Prompt: Every line from the first one in the data below through the line holding "JERSEY JUNGLE starring" is to be written out exactly, with the pictures omitted.

--- START ---

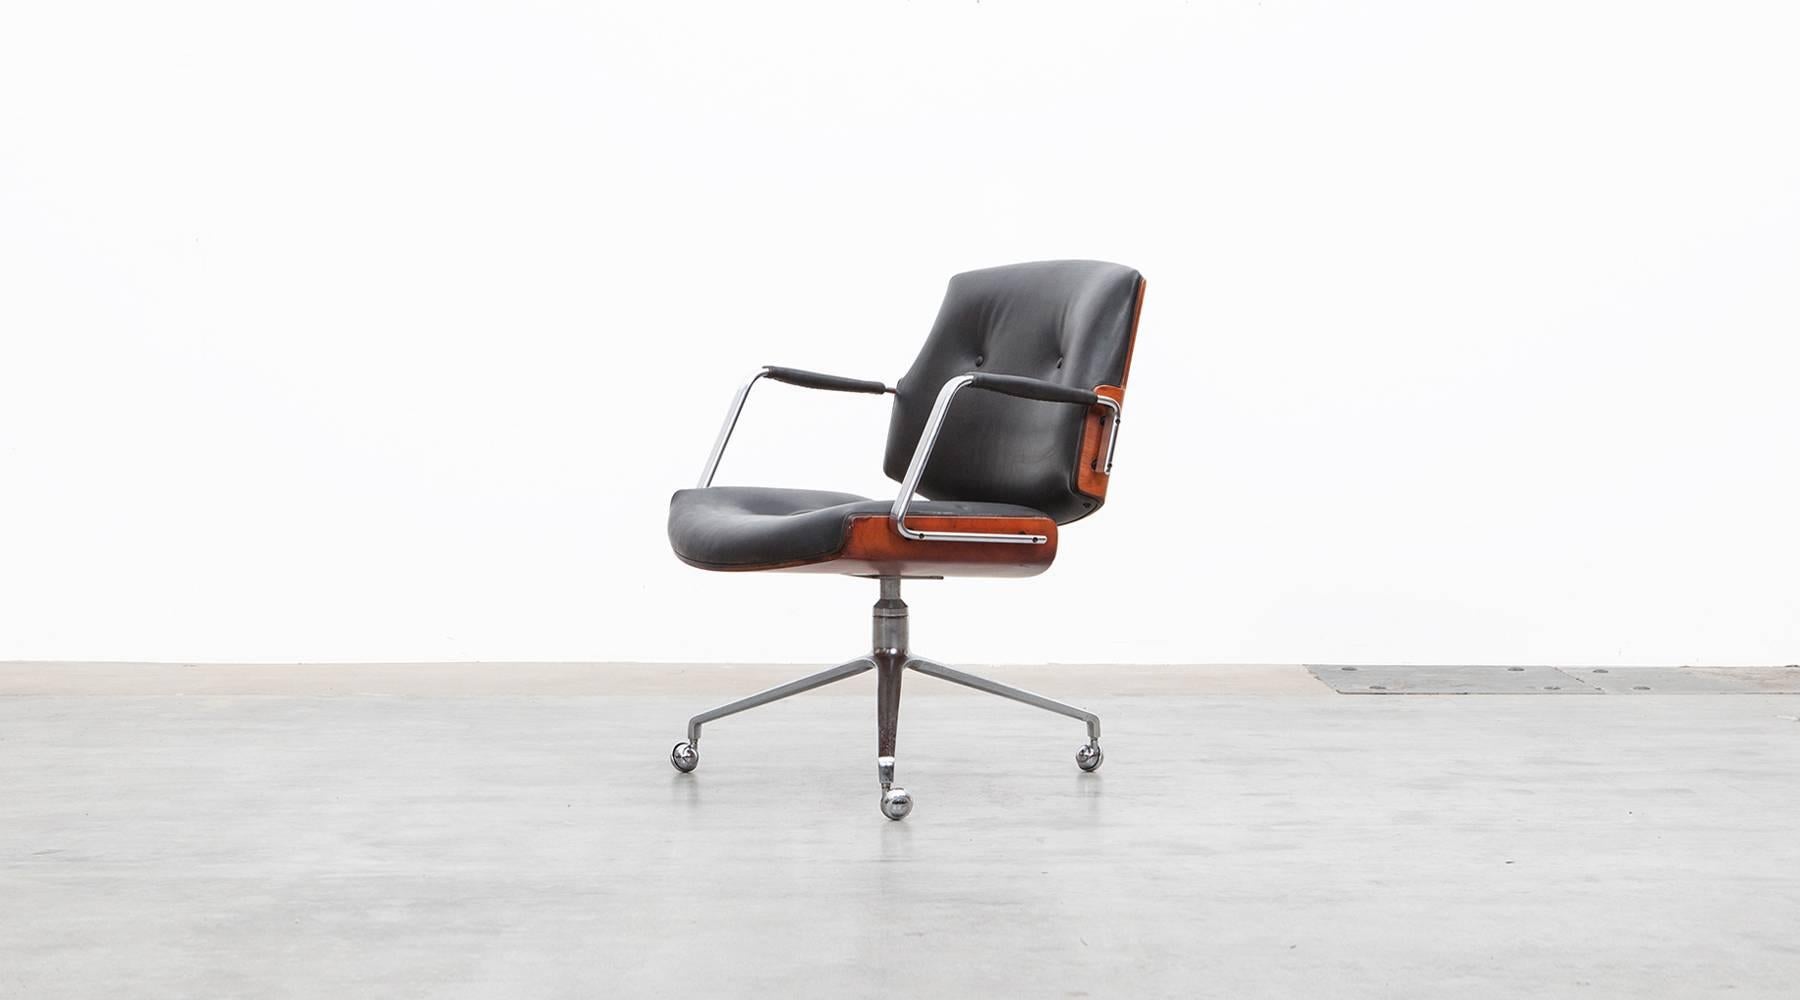 Black leather, wood, Swivel Chair by Fabricius and Kastholm, Germany, 1968.

Classical swivel chairs designed by Preben Fabricius and Jørgen Kastholm. The chair has a brushed steel tripod foot, high quality leather upholstery and two curved wooden
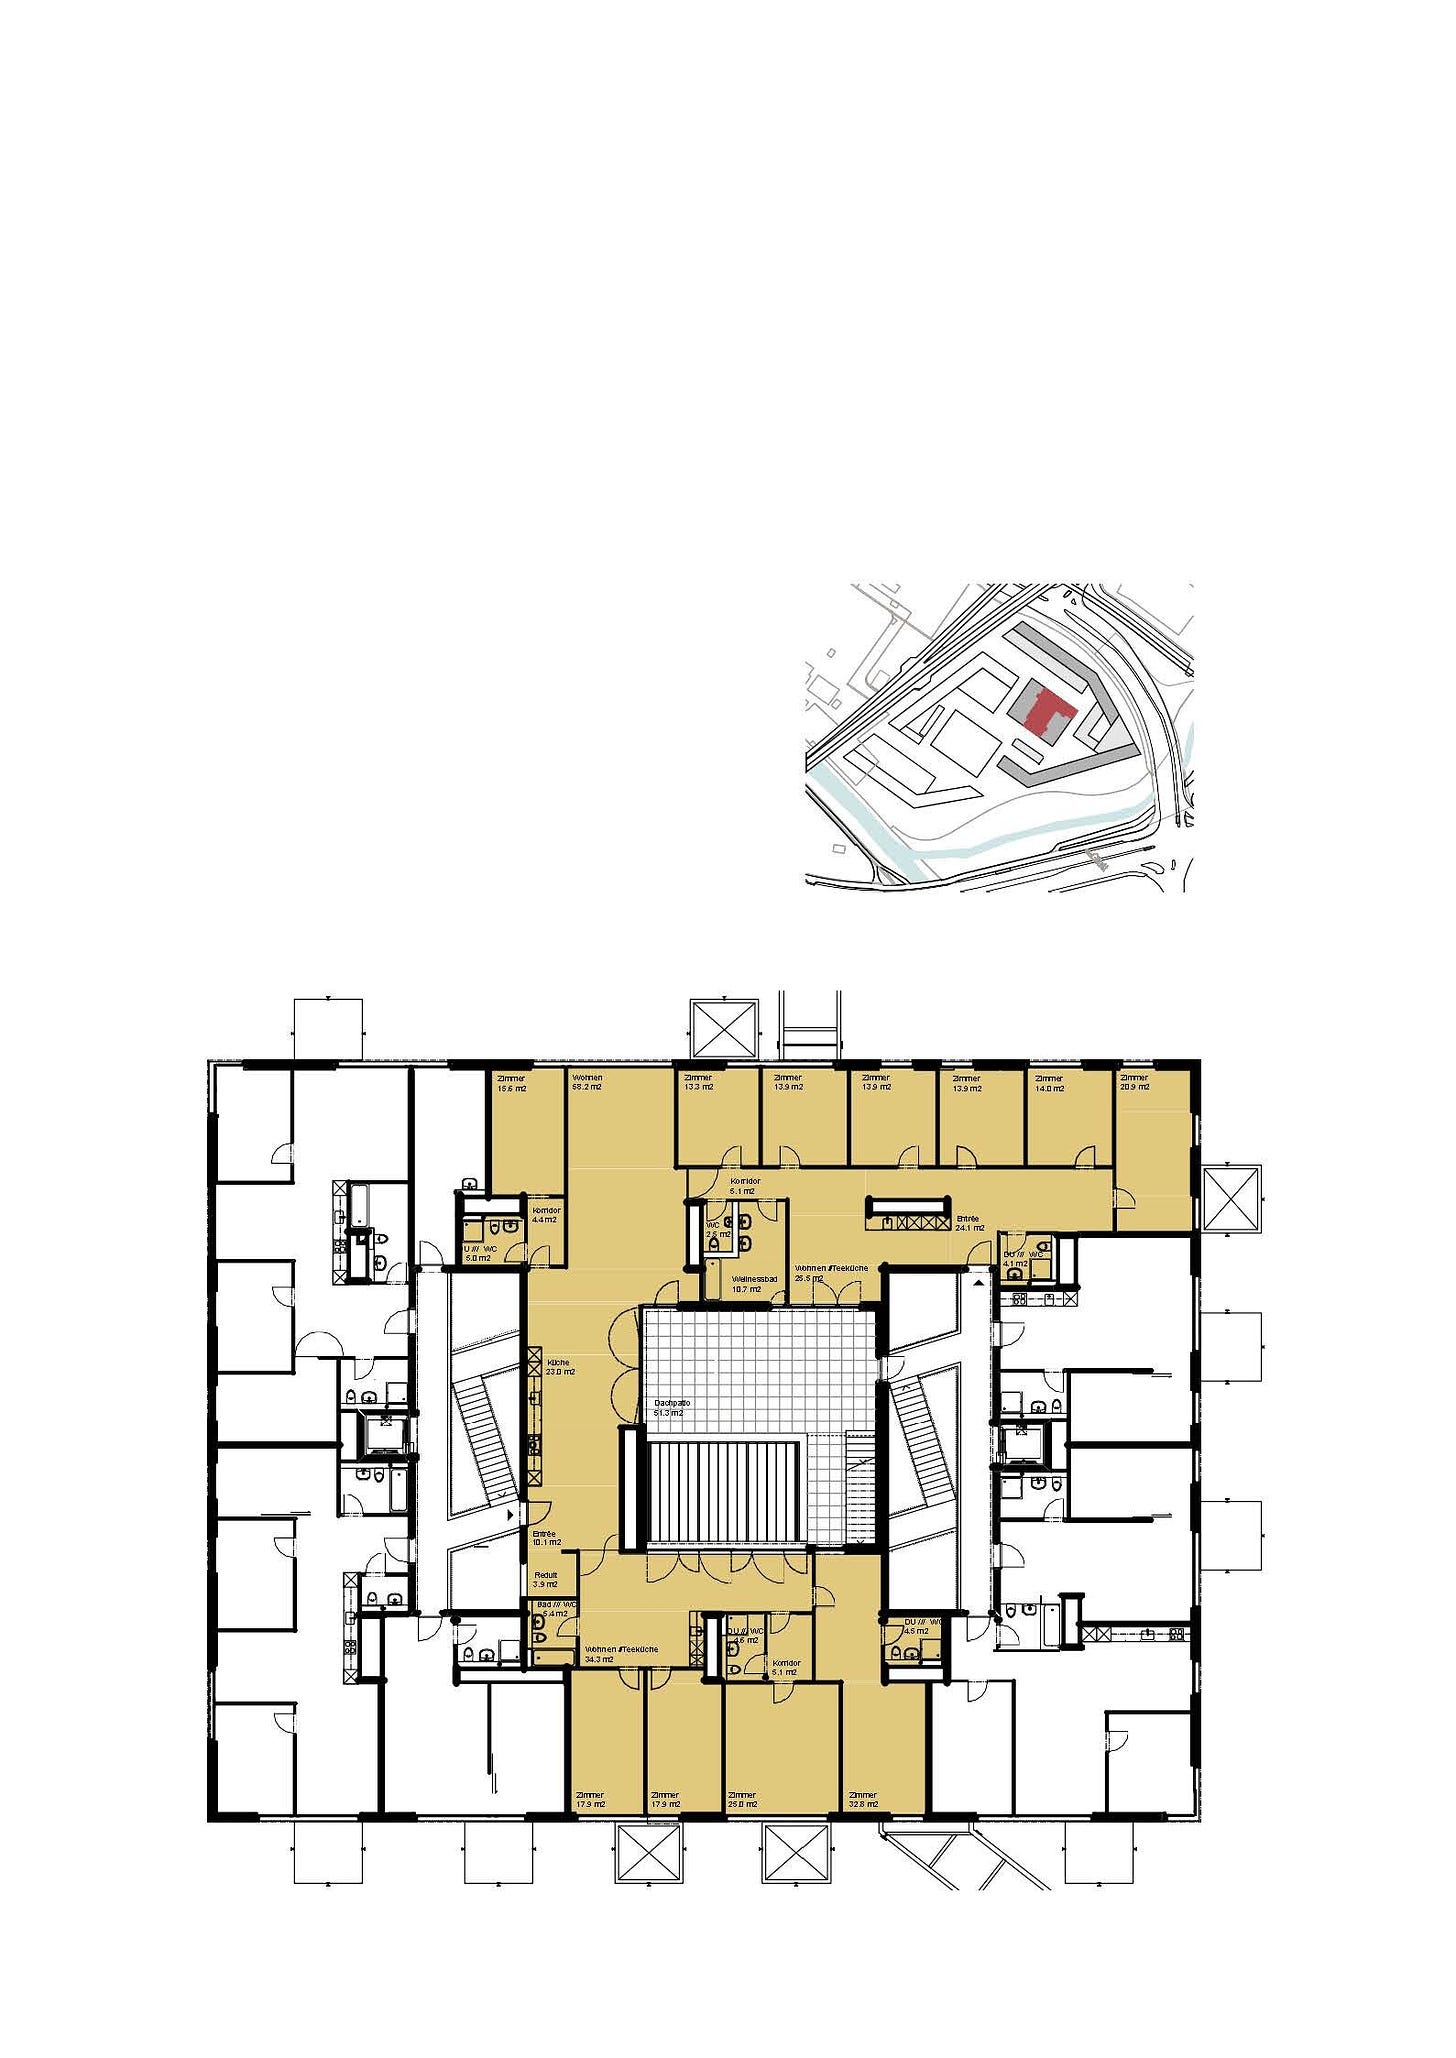 Figure 6. Zwicky Süd was completed in 2015, designed by Schneider Studer Primas, selected through an invited competition process. The project includes a single extra-large apartment. Its multiple entries, kitchens, bathrooms, and central patio allow like-minded individuals to share generous amenities while ensuring their privacy, as this floor plan shows. Courtesy of Bau- und Wohngenossenschaft Kraftwerk1.
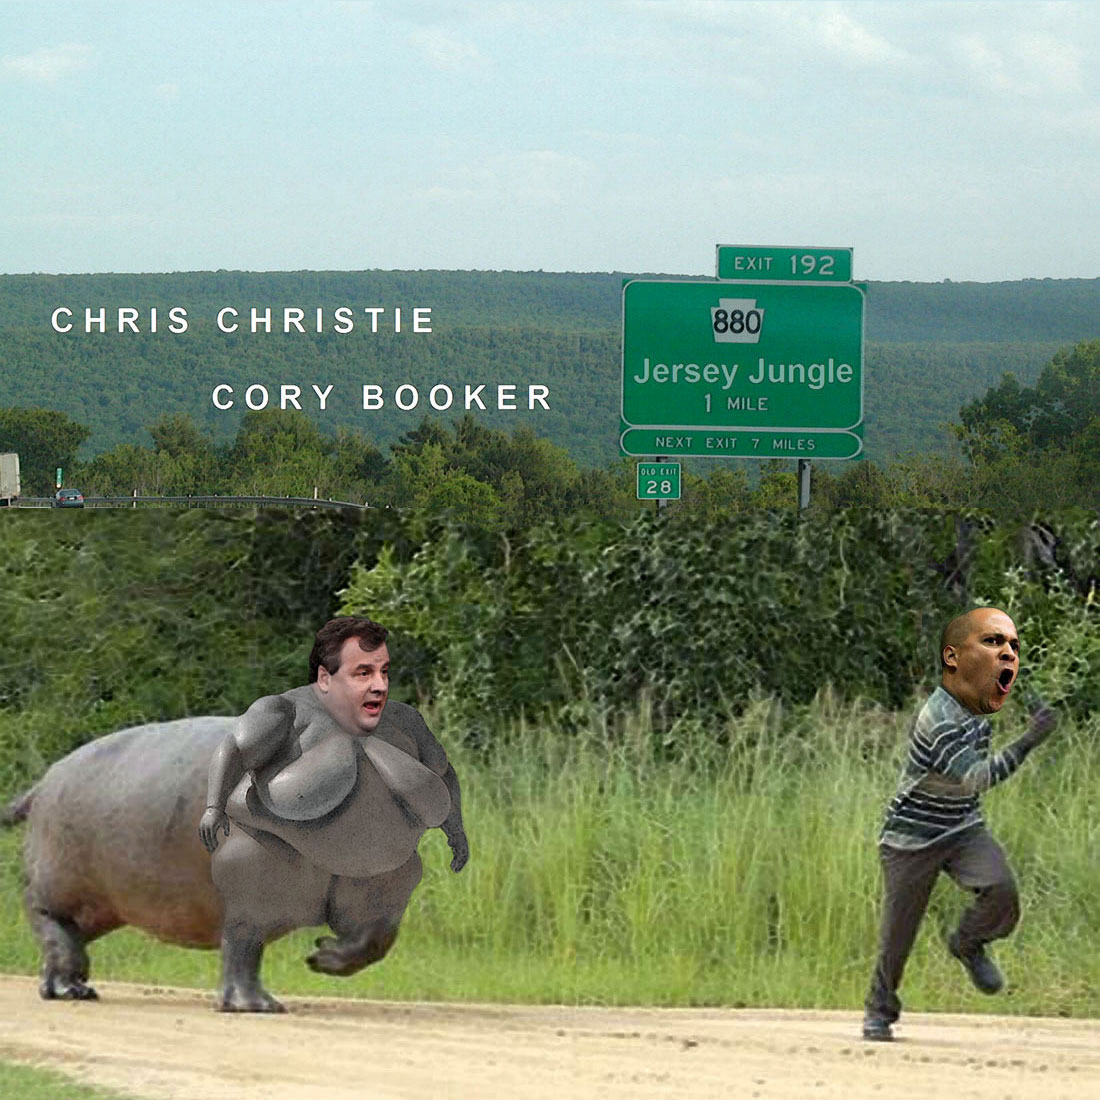 JERSEY JUNGLE starring Chris Christie and Cory Booker
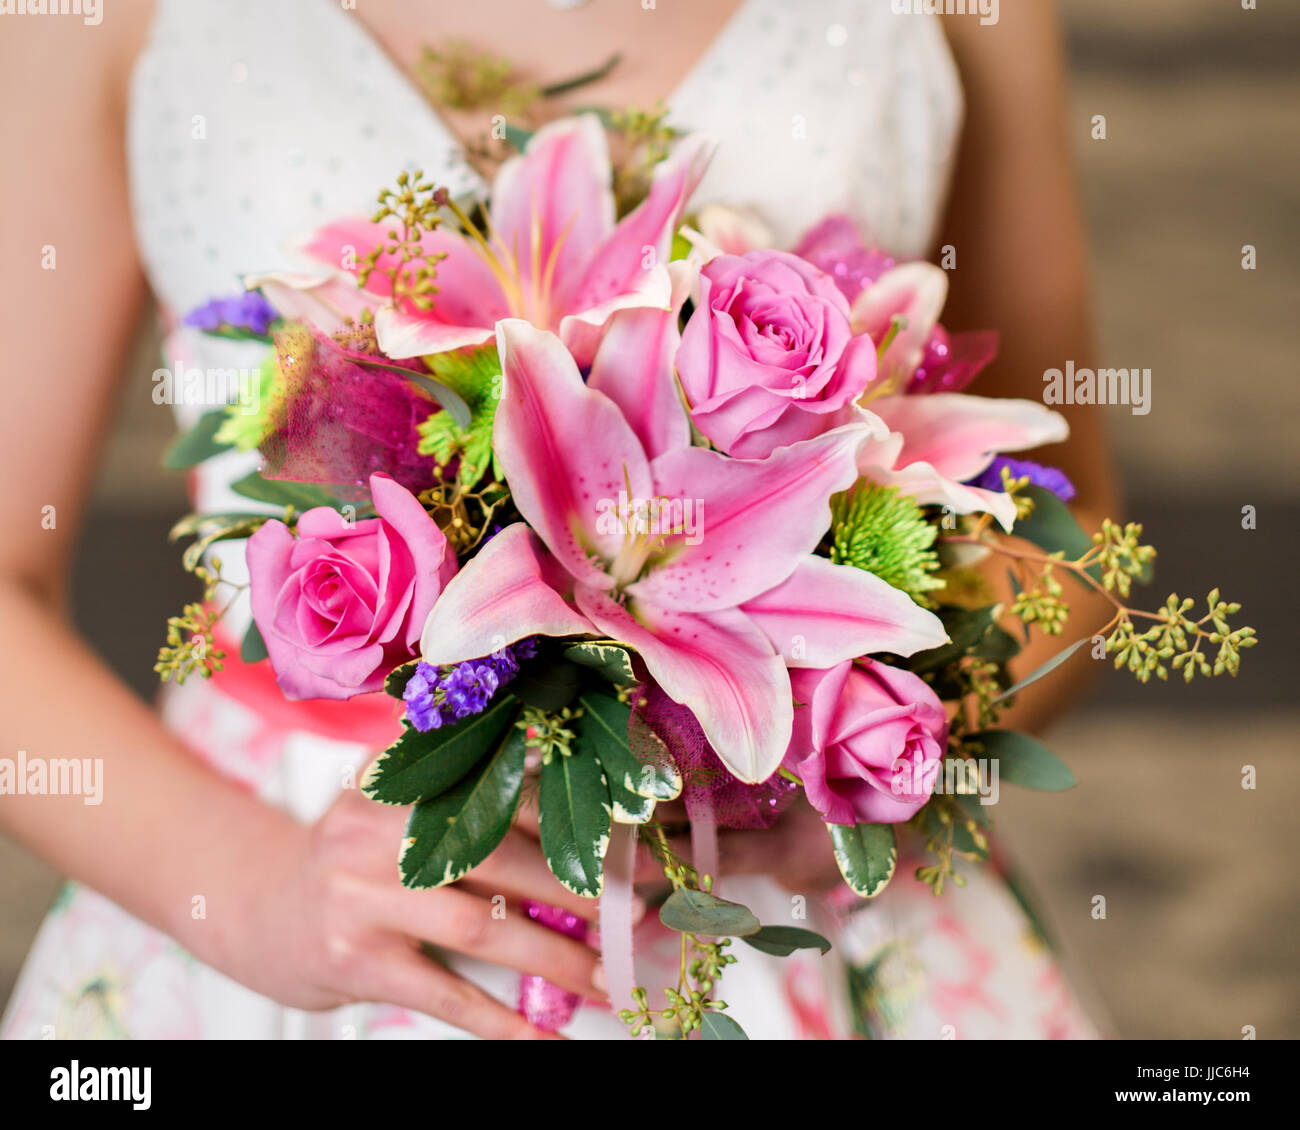 Teen girl holding pink rose and lily bouquet getting ready for prom. Stock Photo

--- END ---

Task solution:
 Black leather, wood, Swivel Chair by Fabricius and Kastholm, Germany, 1968.

Classical swivel chairs designed by Preben Fabricius and Jørgen Kastholm. The chair has a brushed steel tripod foot, high quality leather upholstery and two curved wooden
 Figure 6. Zwicky Süd was completed in 2015, designed by Schneider Studer Primas, selected through an invited competition process. The project includes a single extra-large apartment. Its multiple entries, kitchens, bathrooms, and central patio allow like-minded individuals to share generous amenities while ensuring their privacy, as this floor plan shows. Courtesy of Bau- und Wohngenossenschaft Kraftwerk1.
 JERSEY JUNGLE starring Chris Christie and Cory Booker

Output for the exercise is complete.